Na gestão das finanças públicas, o orçamento é peça fundamental. No Brasil, porém, essa obviedade raramente é levada a sério. Com frequência, afirma-se que a peça anual é uma ficção, tamanha a distância que mantém da realidade.
Além dessa fantasia recorrente, há ainda a excessiva vinculação da receita, que obriga vultosos repasses do orçamento federal a estados e municípios e impõe gastos mínimos com educação, saúde, funcionalismo, previdência e outras áreas que, juntas, consomem cerca de 90% de todo o orçamento. O resultado é que o Executivo, na figura do Presidente da República, tem as mãos atadas para realizar despesas discricionárias previstas em seu plano de governo ou atender a urgências impostas por calamidades.

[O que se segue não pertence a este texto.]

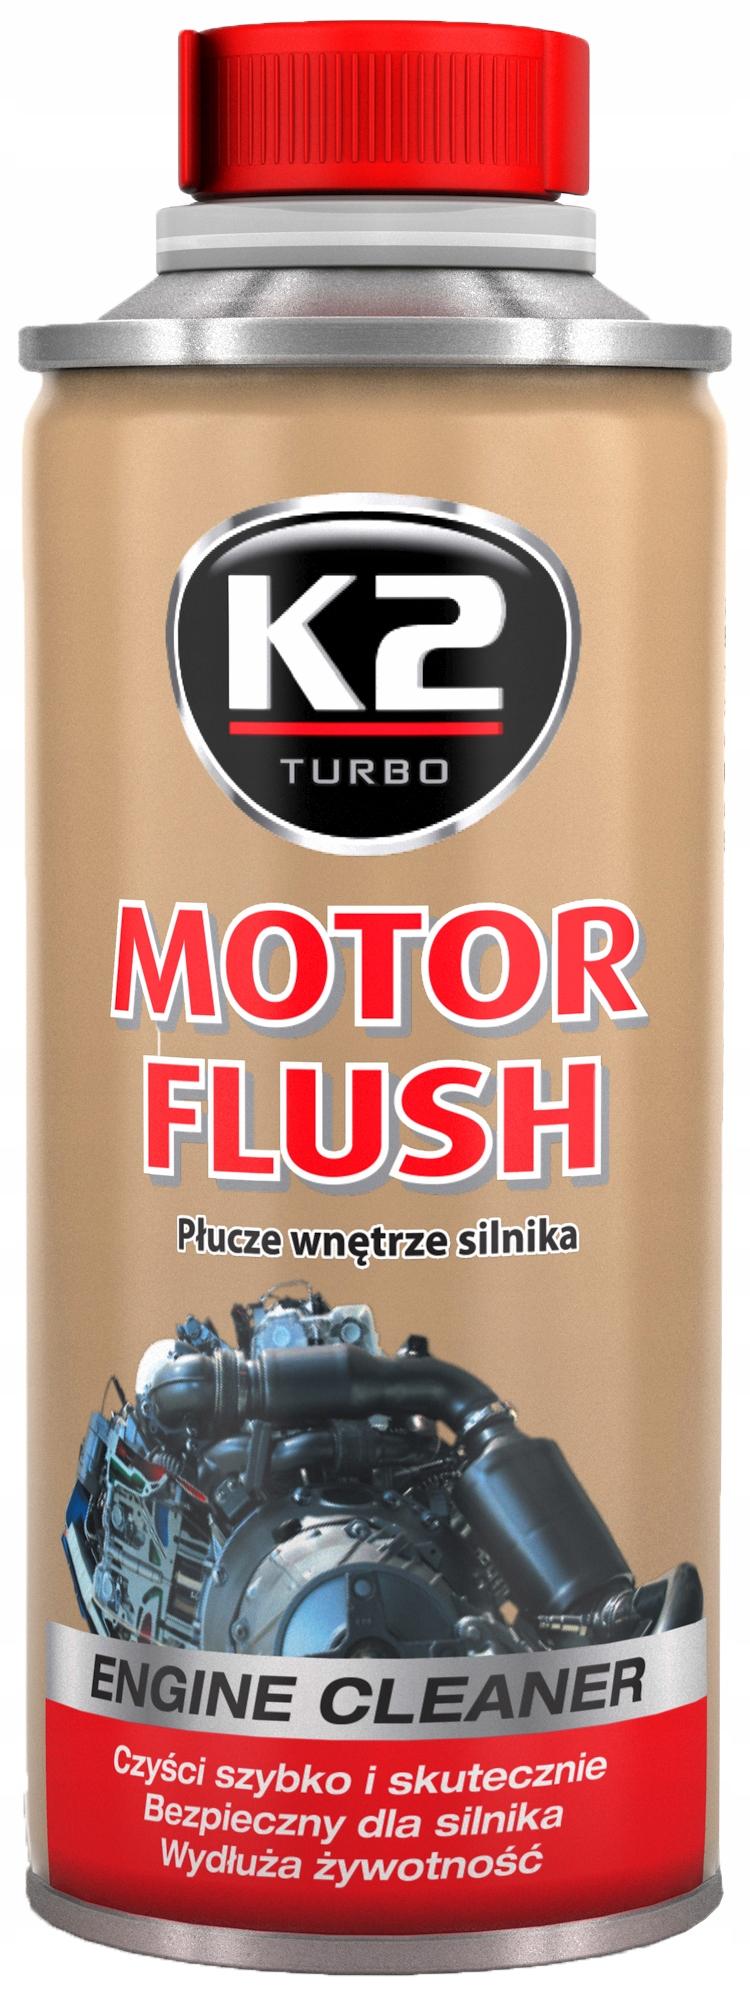 K2 T371 MOTOR FLUSH MOTOR FLUSH 250 МЛ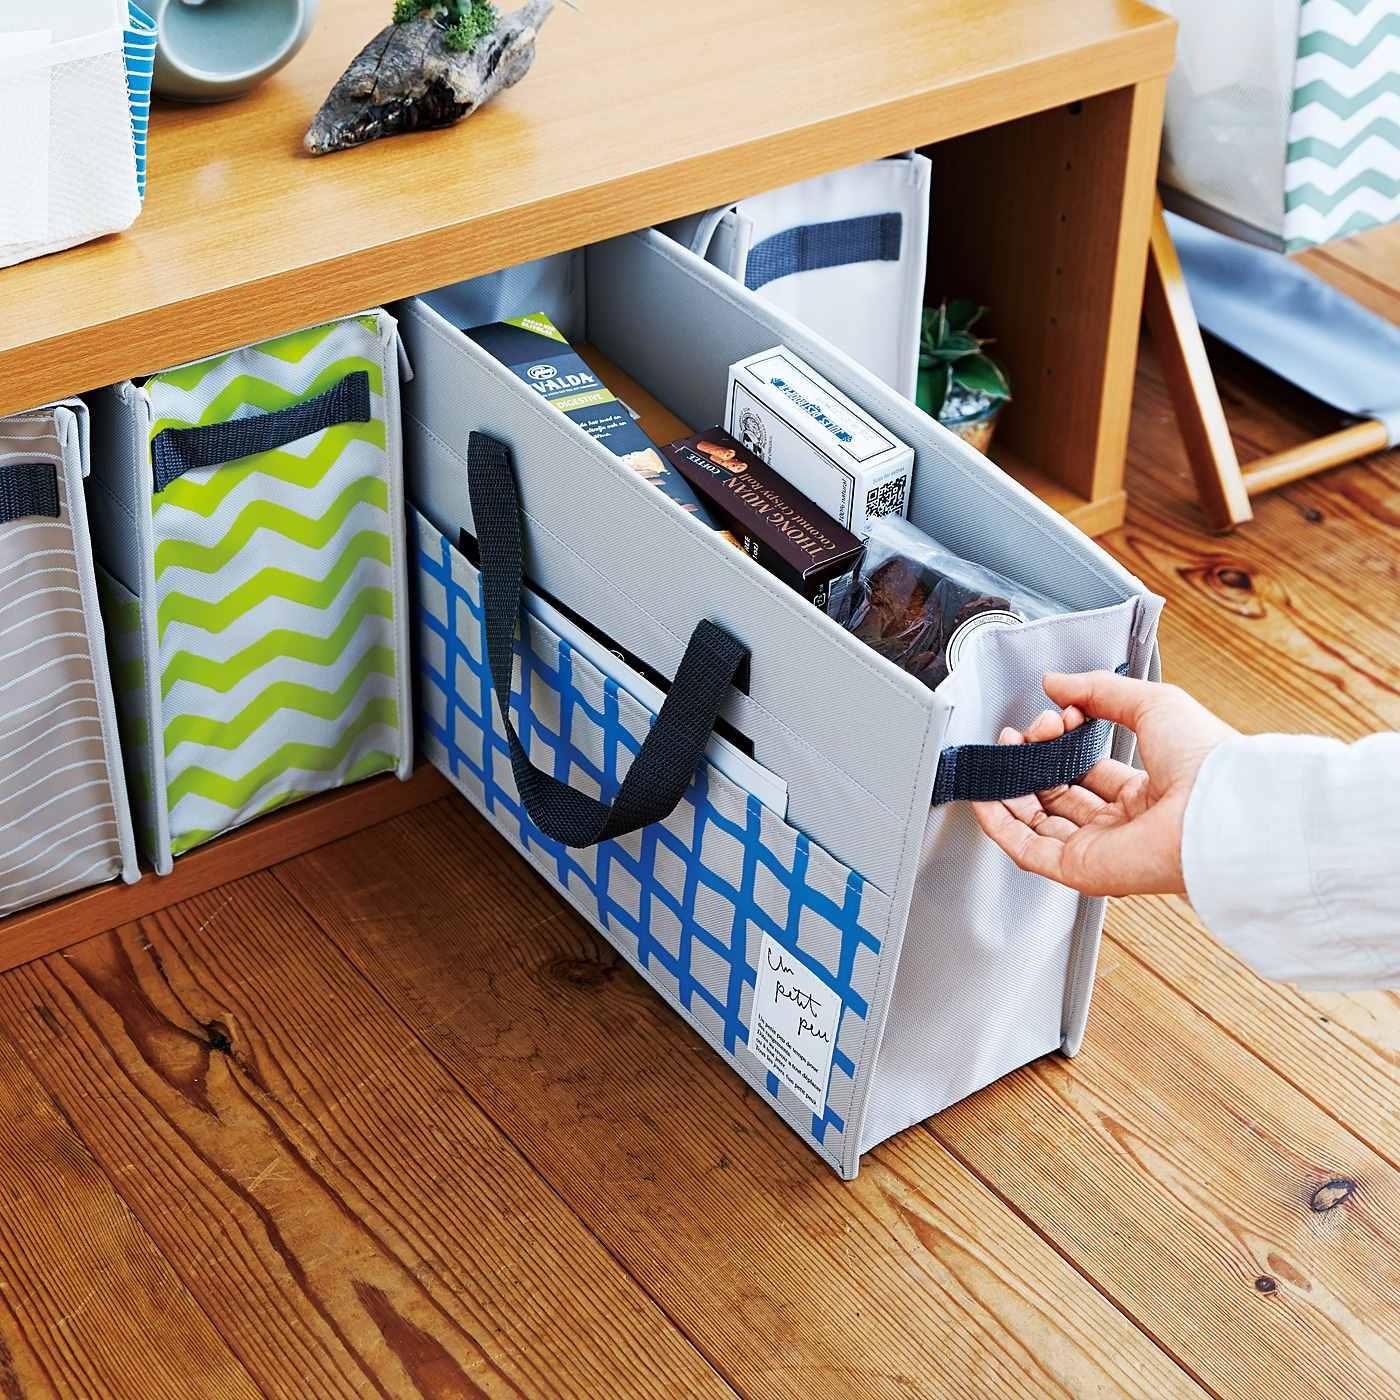 引き手付きなので出すときに便利。テーブル下など、デッドスペース収納にも。

Como a despesa não cabe na receita e é preciso aparentar equilíbrio fiscal, recorre-se a maquiagens contábeis que ocultam a realidade trágica das contas públicas. Artifícios contábeis excluem do cálculo de gastos determinadas rubricas, de modo a simular um equilíbrio inexistente. É assim que se produz um resultado primário irreal, que mascara o quanto andam mal as finanças nacionais.
Condição tão importante para a vida de um país que Álvaro Cunhal, líder do Partido Comunista Português, recomendou em um pequeno livro que adquiri em Lisboa, entre outras medidas urgentes, a recuperação econômica. No VII Congresso Extraordinário do PCP, em abril de 1974, ele alertava que, com a economia estagnada, a ausência de investimentos, a súbita redução das remessas dos emigrantes, o recuo do turismo e o esgotamento iminente das reservas deixadas pela ditadura, os déficits no orçamento, na balança comercial e na balança de pagamentos punham em risco a estabilidade econômica do país. Por óbvio, tal fragilidade comprometia a sustentabilidade do novo regime político em fase de implantação.
Fica claro, portanto, que os pilares da macroeconomia não distinguem ideologia. Governos de qualquer orientação dependem de contas públicas sólidas para manter estabilidade e credibilidade.
Por fim, e para reafirmar a importância do orçamento como instrumento de gestão, vale lembrar que, em sistemas parlamentaristas, a rejeição do orçamento pelo parlamento implica na destituição do governo e na convocação de novas eleições — sinal inequívoco de que o orçamento é, antes de tudo, um instrumento central de governabilidade.